Doterel-class sloop
Basic information
Ship measurements
Machine
- 3 * cylindrical boilers
- 2-cylinder horizontal compound-expansion steam engine
- Single screw
- Sails
Personnel
Combat assets
- 2 * 7-inch (90cwt) muzzle-loading rifles
- 4 * 64-pounder muzzle-loading rifles
- 4 * machine guns
- 1 * light gun
The Doterel class was a Royal Navy class of screw-driven sloops. They were of composite construction, with wooden hulls over an iron frame. They were a revised version of an 1874 design by the Royal Navy's Chief Constructor, William Henry White, the Osprey-class sloop. Two of the class were lost, one to an explosion off Chile and one wrecked off Canada. Gannet is preserved at Chatham Historic Dockyard.
The Nathaniel Barnaby design was a development of William Henry White's 1874 Osprey-class sloop. The graceful clipper bow of the Opsreys was replaced by a vertical stem and the engines were more powerful. They were of composite construction, with wooden hulls over an iron frame.

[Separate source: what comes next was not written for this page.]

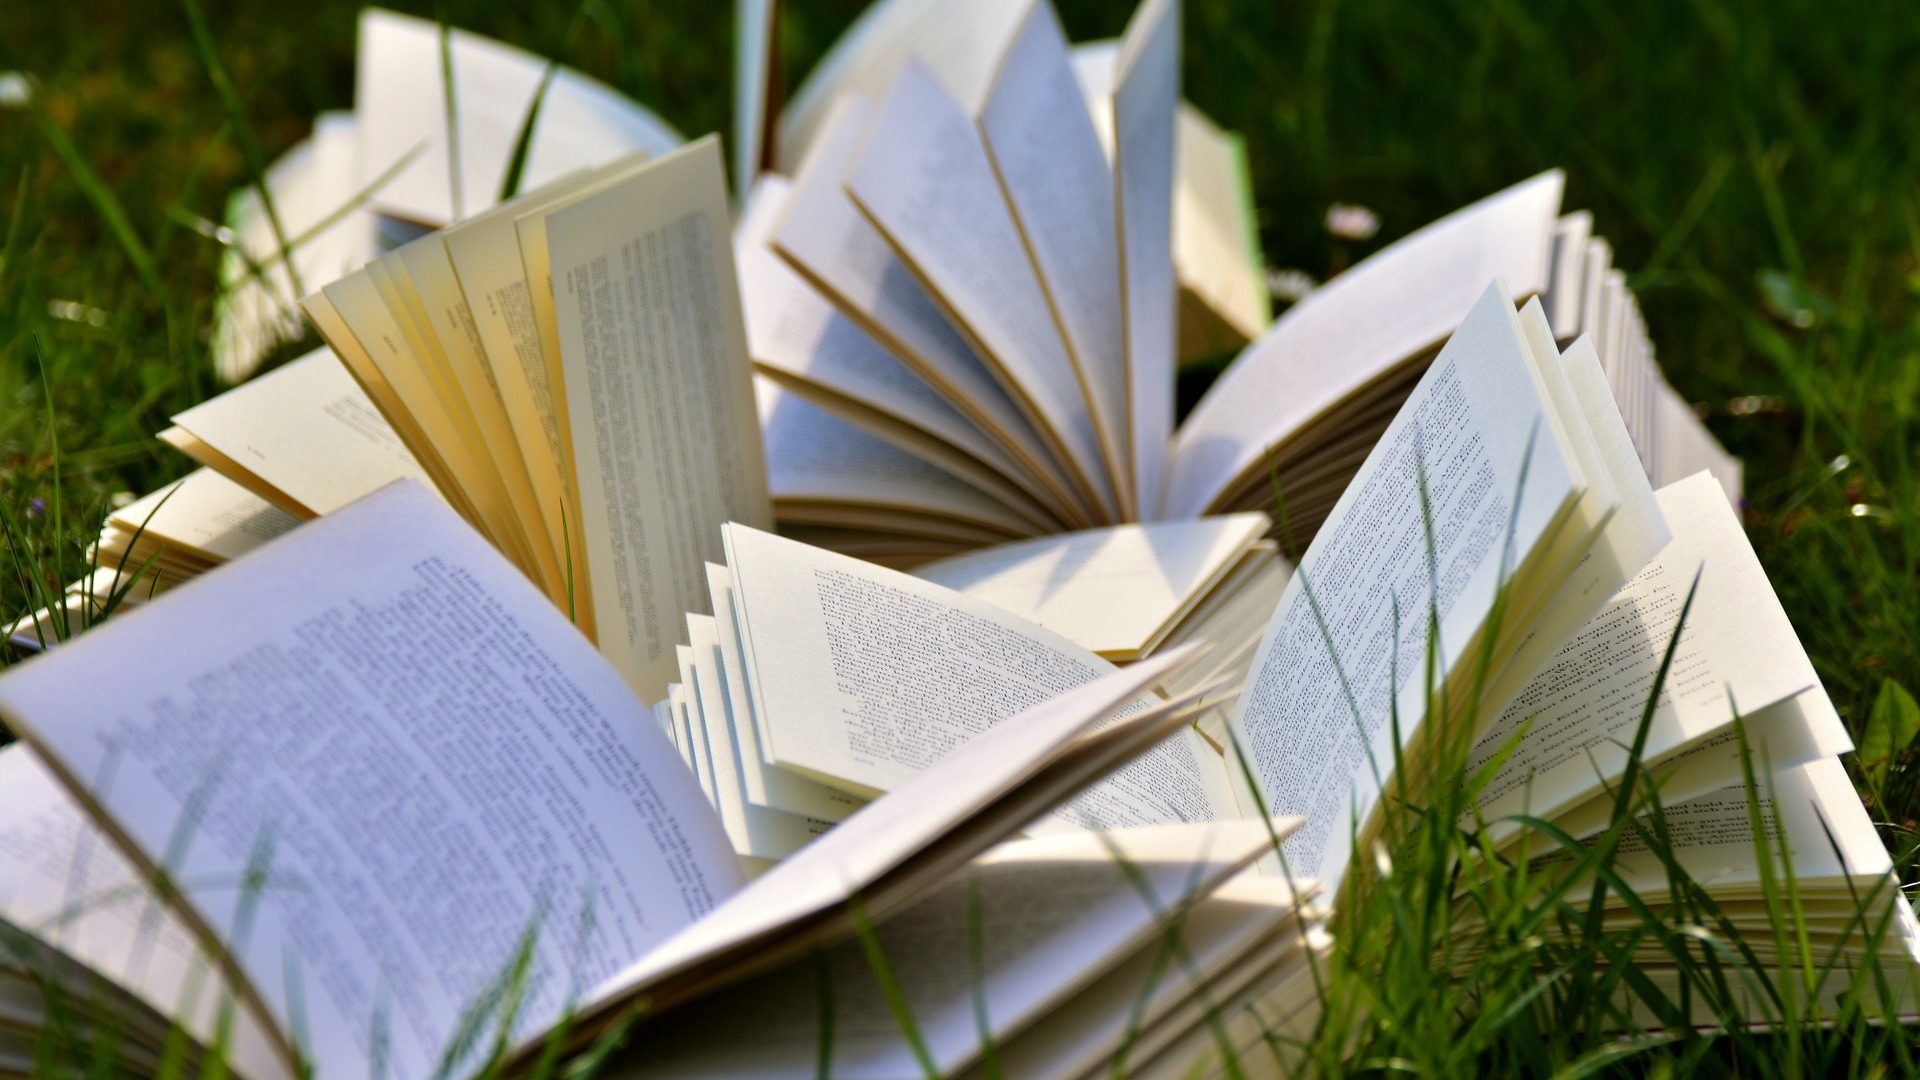 Otevřené knihy položené v trávě

Power was provided by three cylindrical boilers, which supplied steam at 60 pounds per square inch (410 kPa) to a two-cylinder horizontal compound-expansion steam engine driving a single 13-foot-1-inch (3.99 m) screw. This arrangement produced 900 to 1,128 indicated horsepower (671 to 841 kW) and a top speed of between 11 and 11.6 knots (20.4 and 21.5 km/h).
They were armed with two 7-inch (90cwt) muzzle-loading rifled guns on pivoting mounts, and four 64-pounder muzzle-loading rifled guns (two on pivoting mounts, and two broadside). Four machine guns and one light gun completed the weaponry.
All the ships of the class were provided with a barque rig, that is, square-rigged foremast and mainmast, and fore-and aft sails only on the mizzen mast.